Después de iniciarse con la tristemente bella Autumn and tea llega esa oda a la codeína (nuestro opioide de prescripción legal preferido con permiso de la vicodina, claro), una pseudo canción de amor que hará que incluso muchos piensen en esta droga como una persona (si eres tan fan obligado de la codeína como lo soy yo te hará sonreír en más de una ocasión). Pero asimismo, al poco de escucharla me vino a la cabeza que a pesar de lo bonito que pueda resultar lo dicho, también es cierto que la codeína (la de verdad, no tanto los suavizados preparados de codeína con productos combinados de venta y prescripción más habitual de marcas comerciales) tiene un punto inicial amargo y desagradable, bastante -pero una vez ingerida sus efectos analgésicos bien lo valen- y pensé que tanta exaltación podría tener ese juego (ya sabes, aquello de que cómo me jodes pero bien lo vales o algo así). Dirty sky me deja con una sonrisa para cuando llego a la sorpresa de la algo pegadiza El gusano, que me gusta cada vez más a medida que la escucho. Cierto es que Straight to hell se me pasa rápido pero para llegar a la gran Half moon street que es de las que contagian, enganchan y atrapan desde la primera escucha con emocionante simpleza, posiblemente la más destacable. Después de eso Queen of hearts me parece más un trámite y más de lo mismo para llegar a la recta final de canciones que ya se me diluyen y mezclan un poco unas con otras, todas en esa línea de grácil pop atemporal, y es que de esas 4 últimas canciones tan solo start a war solicita mi atención.
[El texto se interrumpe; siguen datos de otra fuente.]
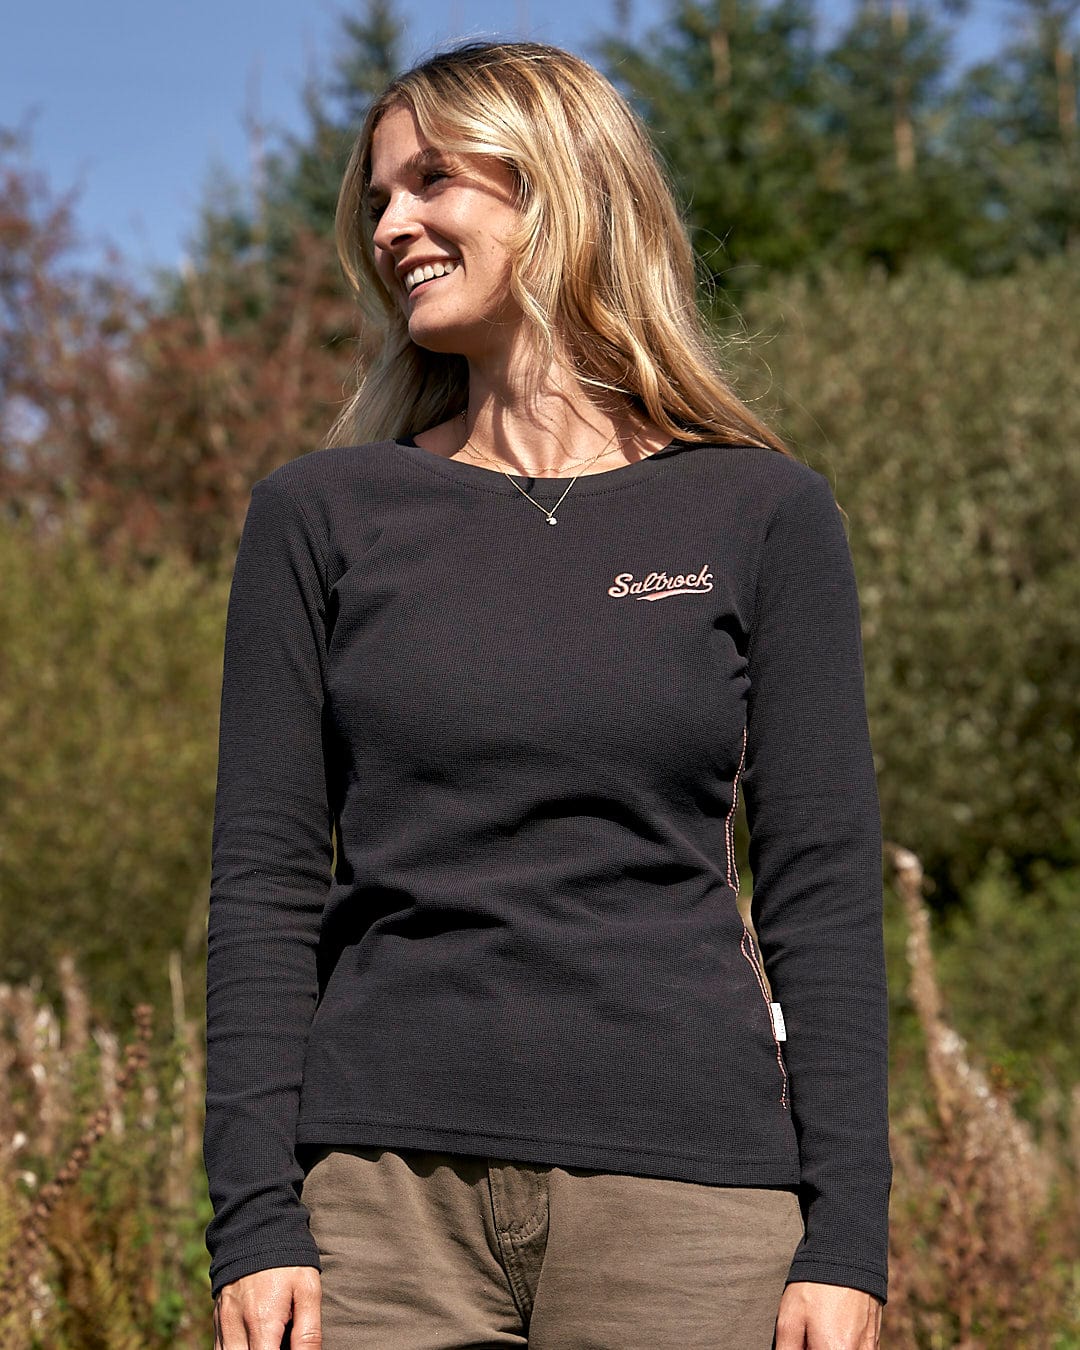 A woman wearing the Saltrock Rory - Womens Long Sleeve Waffle T-Shirt in Black standing in a field.

Tap tap por lo visto nació en su momento como algo paralelo a la banda principal, pero resulta que Thomas Sanders ya lleva él solito dos discos de calidad destacable mientras que aun esperamos el segundo de Pete and the pirates. Esto de que el proyecto paralelo termine teniendo algo más de interés que el, en teoría, proyecto principal ya me suena de algún otro. La cuestión es que llevo varios días con este disco repitiéndose en mi reproductor y aun no me he cansado.